- What needs to be done -
All the data should be repeated exactly. Any image in it is left out.
Start of Exercise data
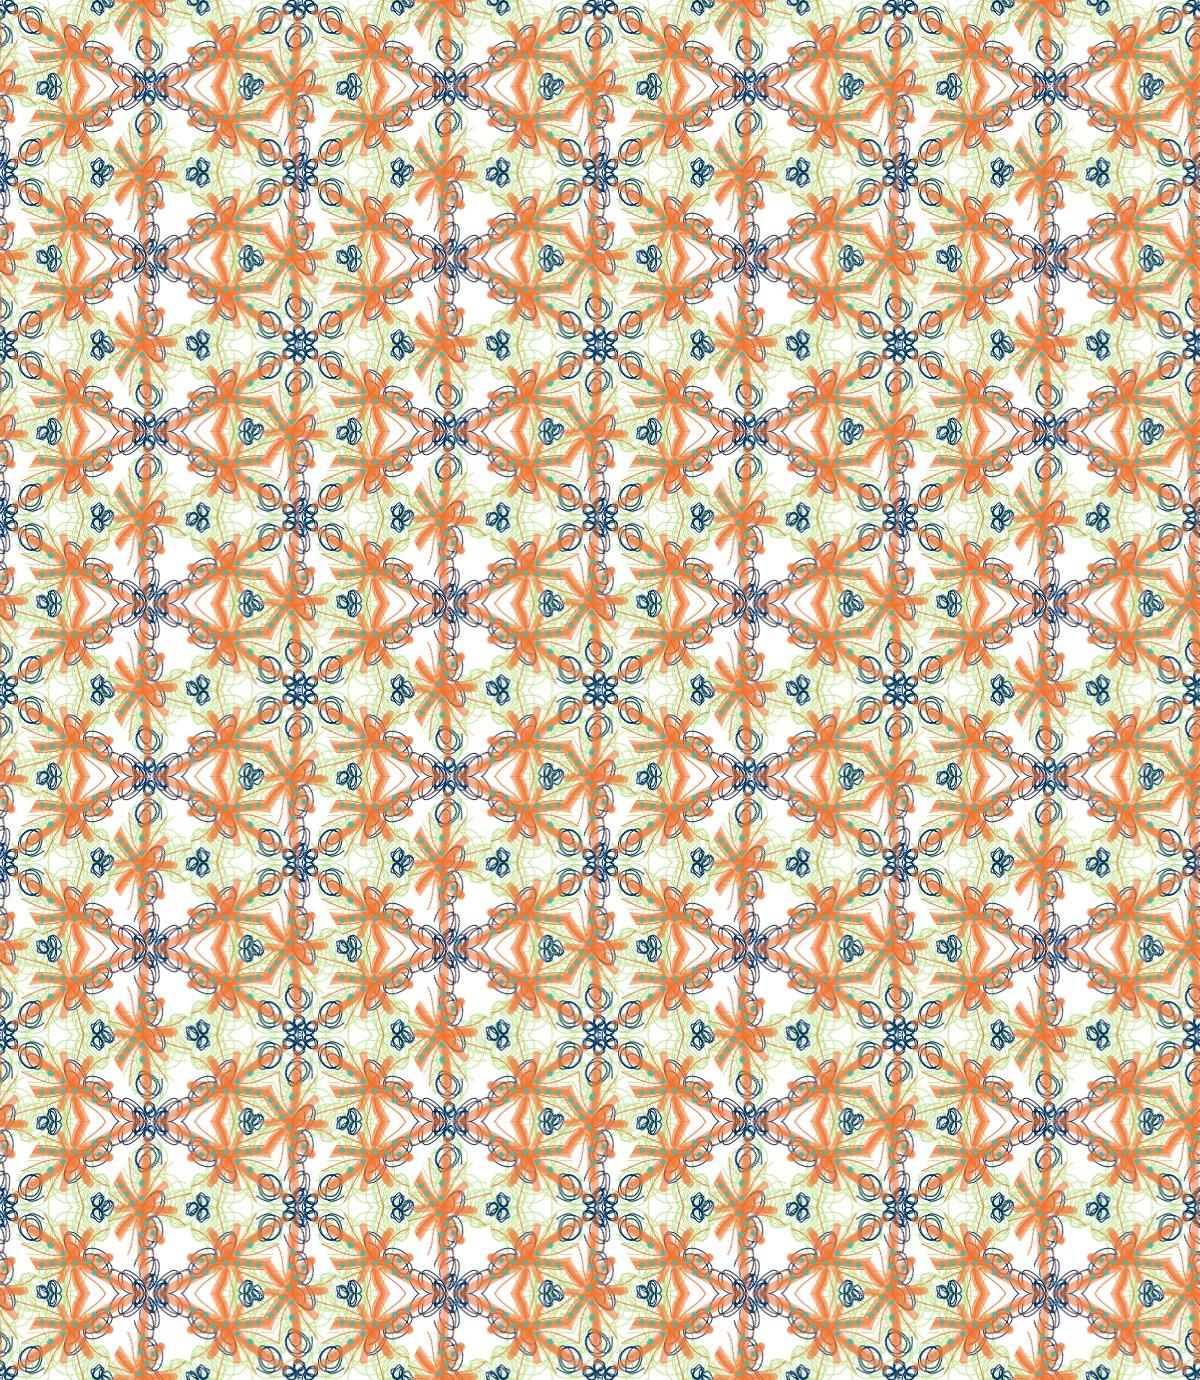 035_tiled
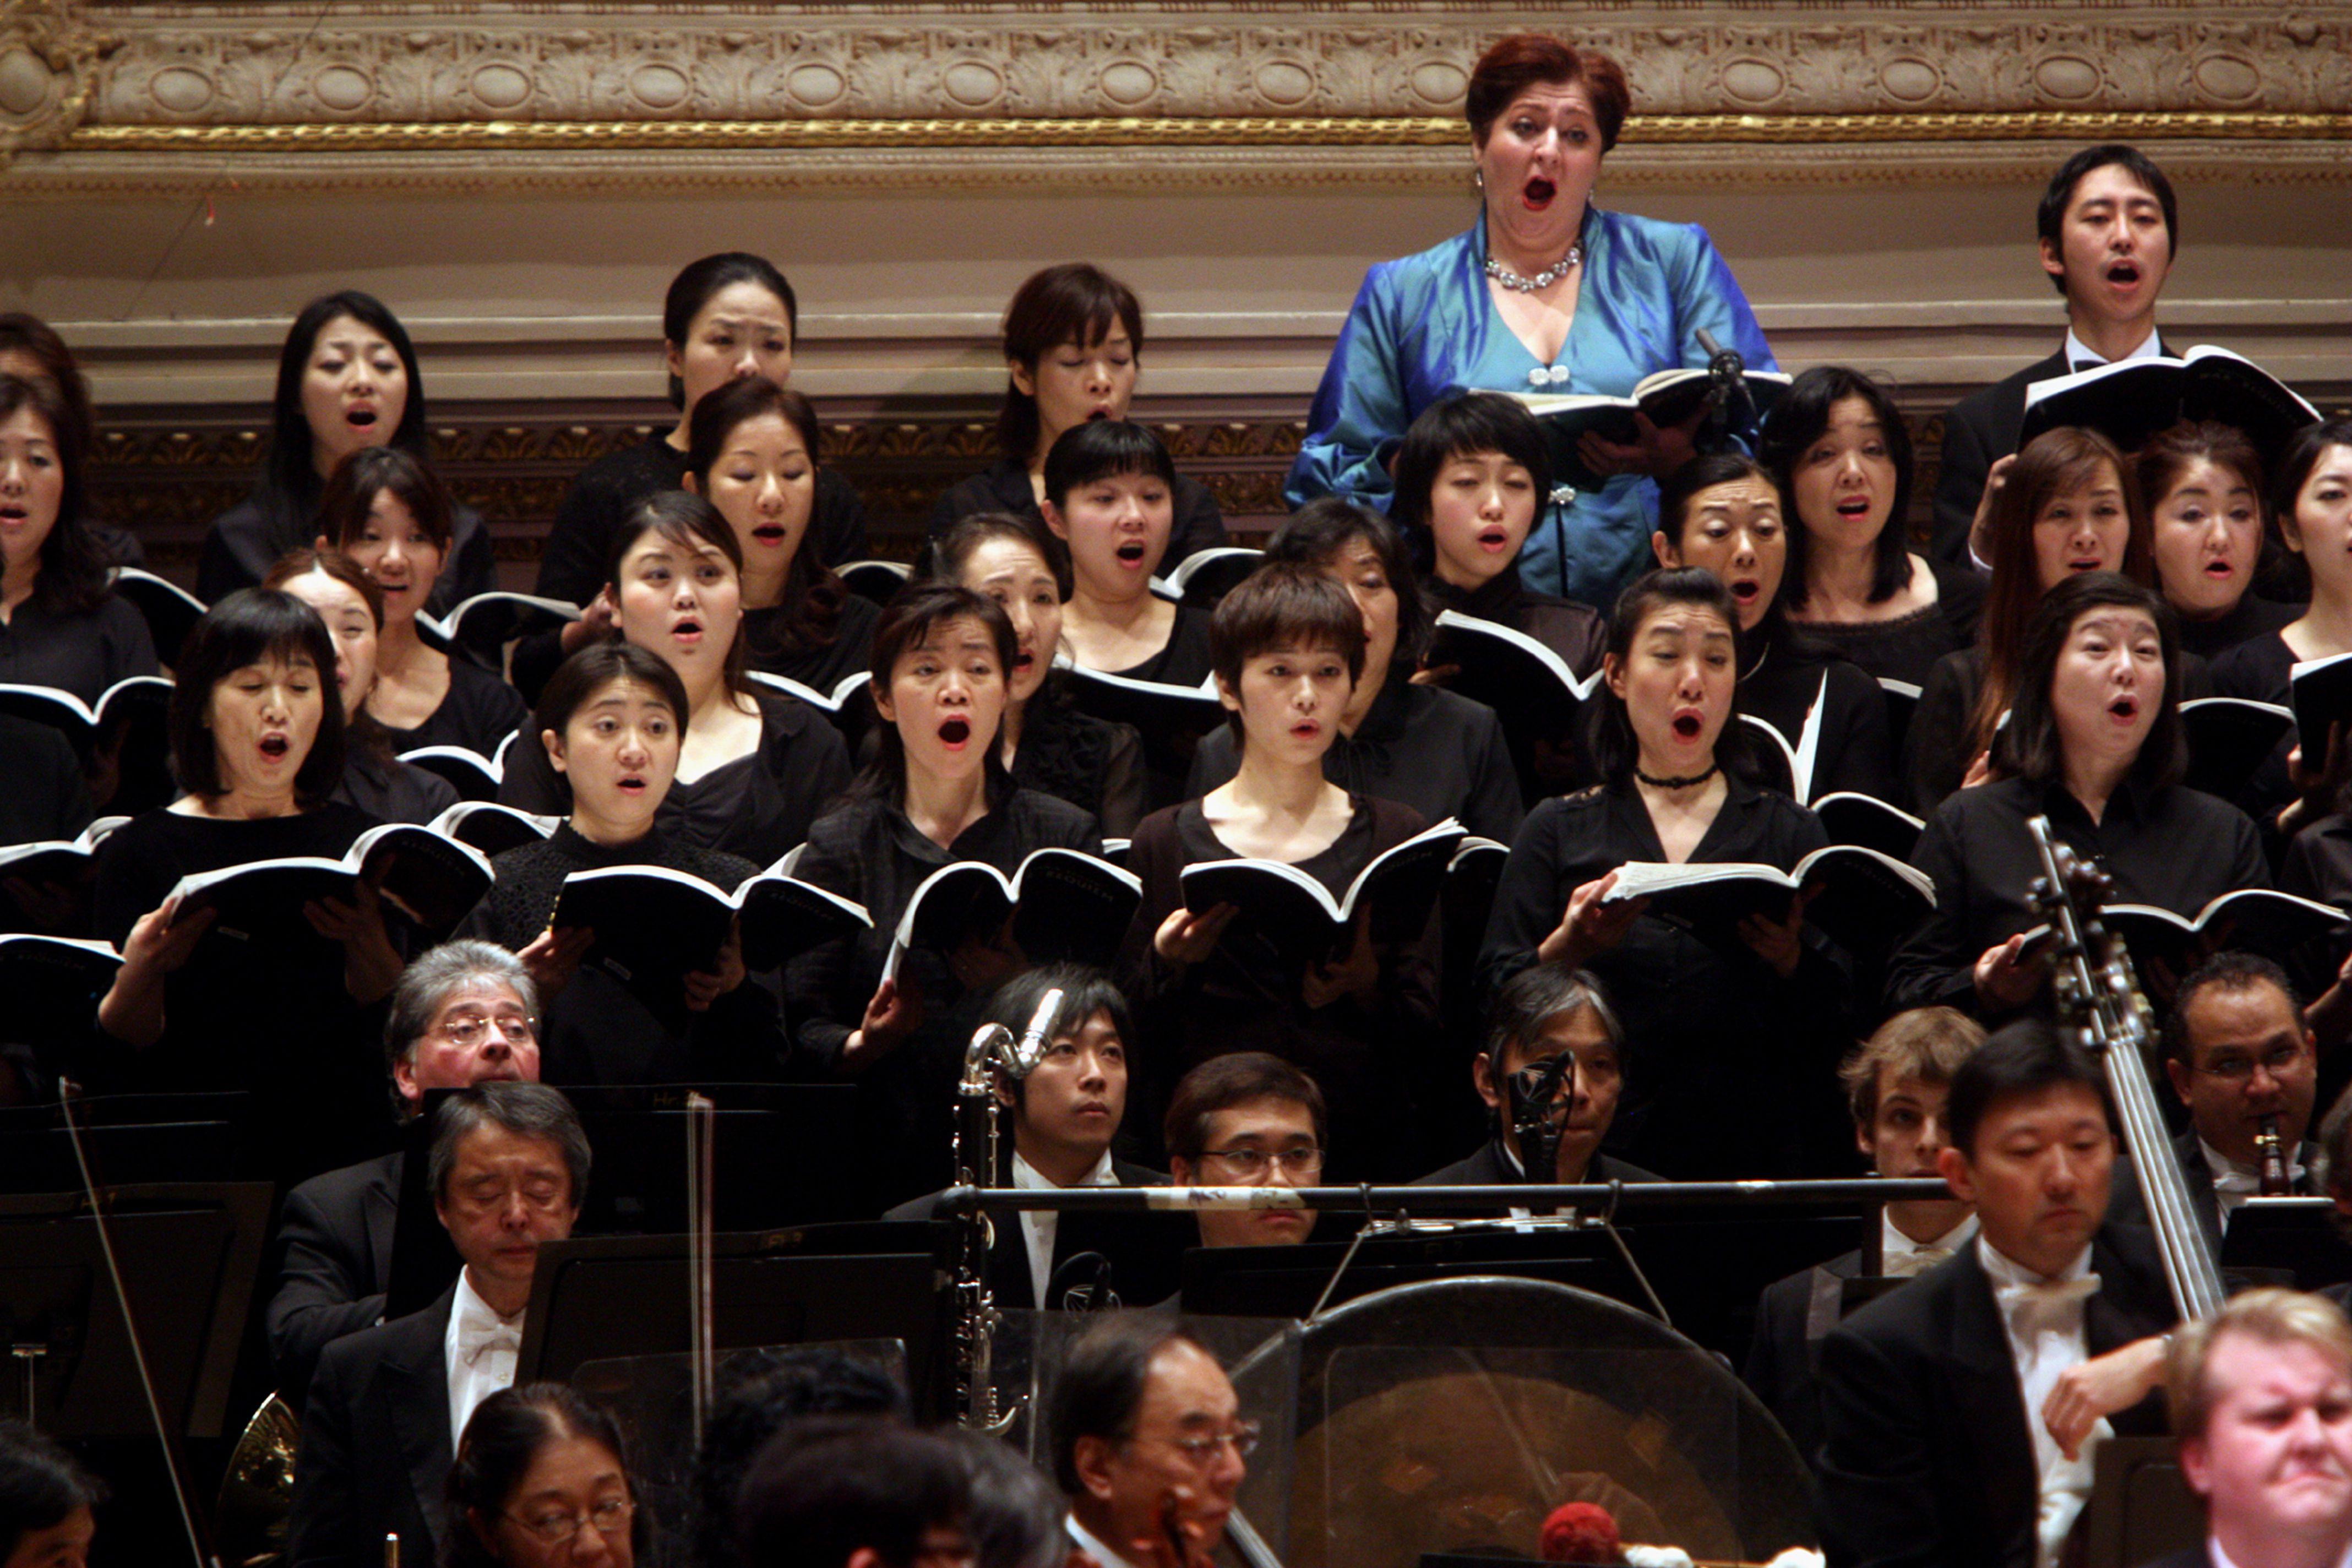 Saito Kinen Orchestra
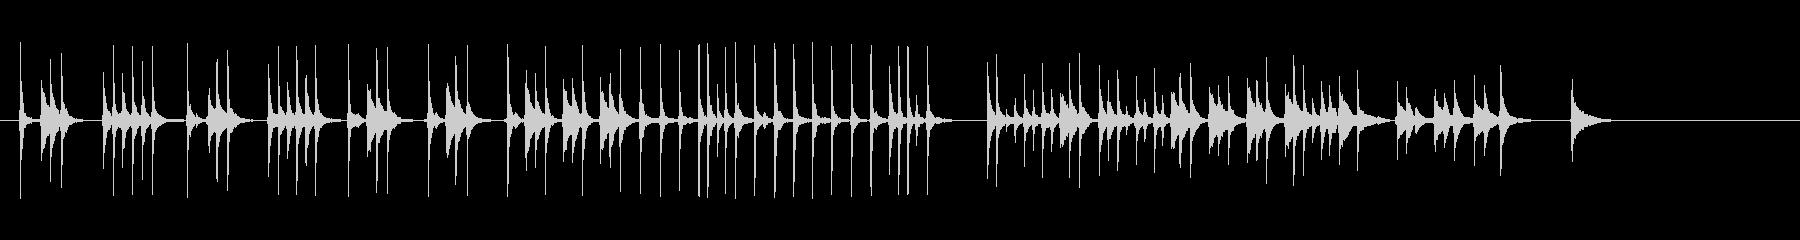 三味線122小鍛冶2合方稲荷山小狐丸刀剣の未再生の波形
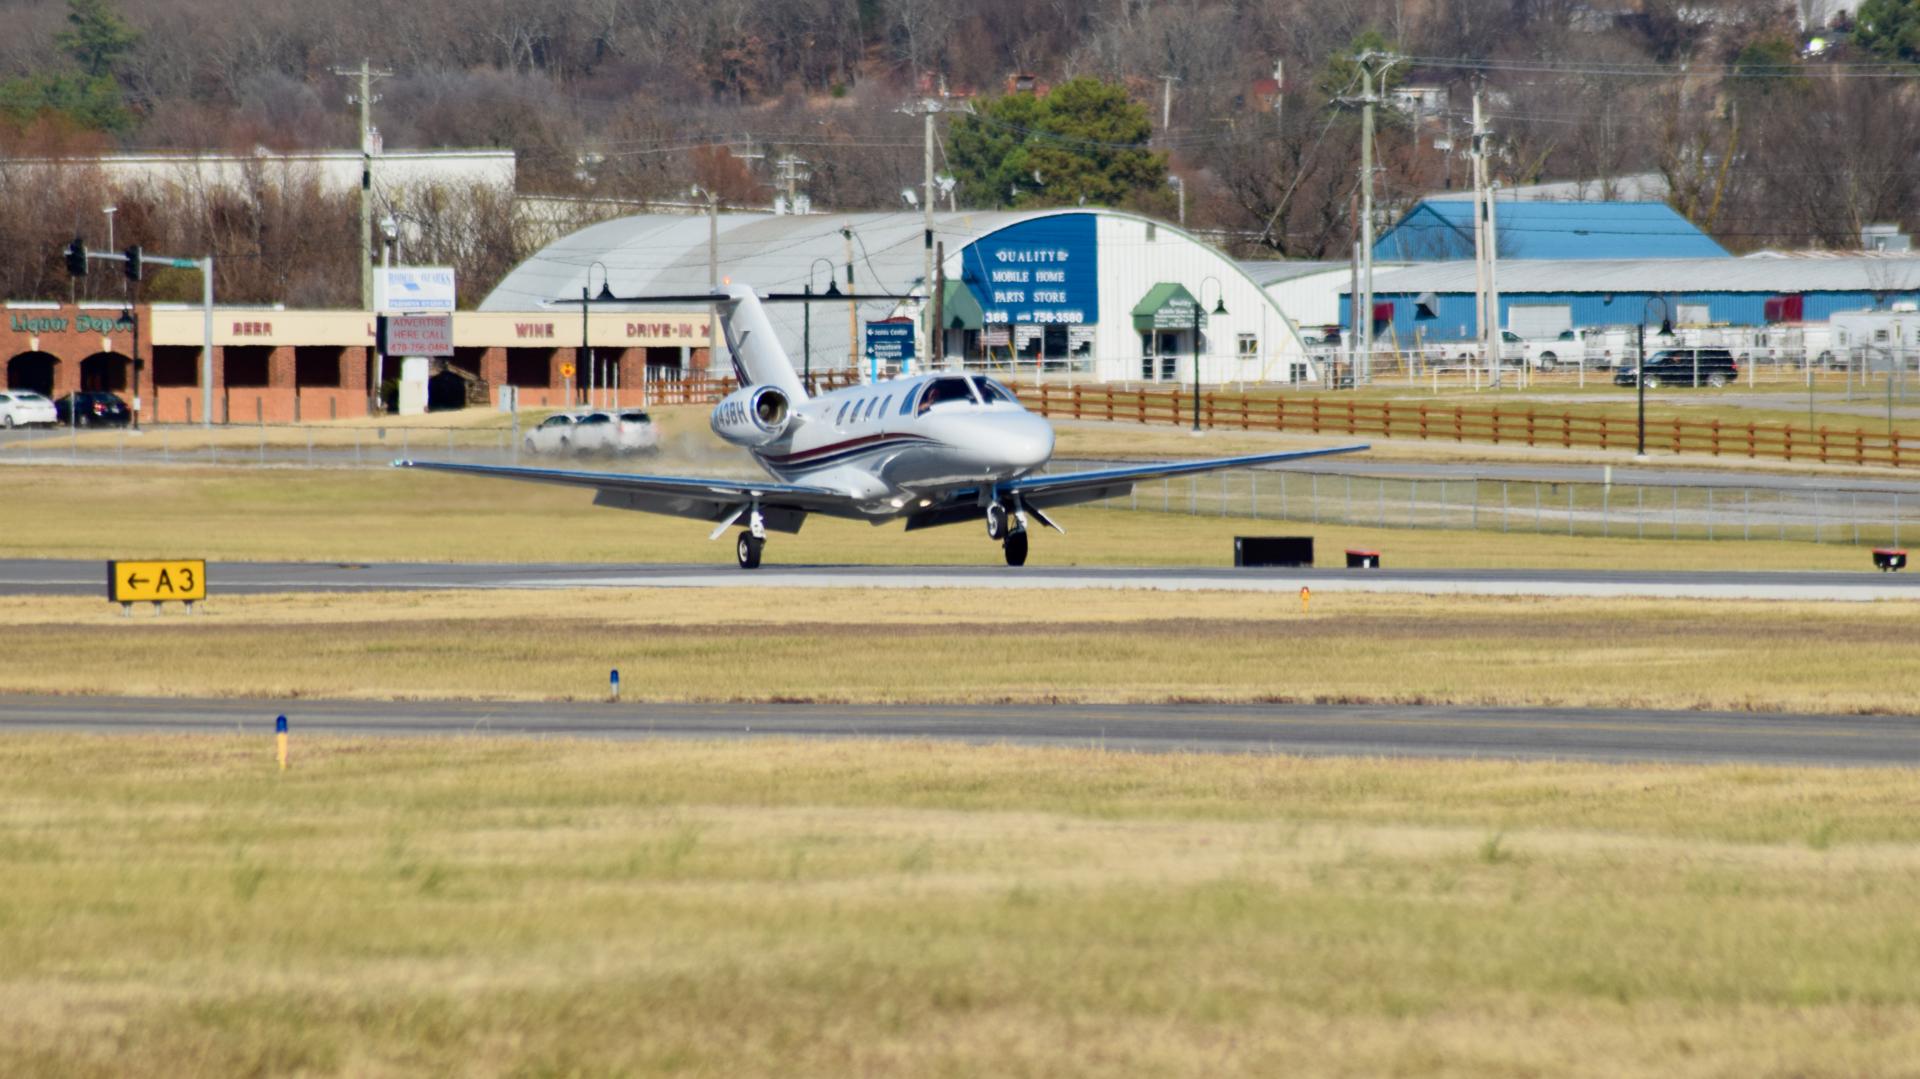 A&J Aviation
End of Exercise data
- Output for this exercise -
 035_tiled
 Saito Kinen Orchestra
 三味線122小鍛冶2合方稲荷山小狐丸刀剣の未再生の波形
 A&J Aviation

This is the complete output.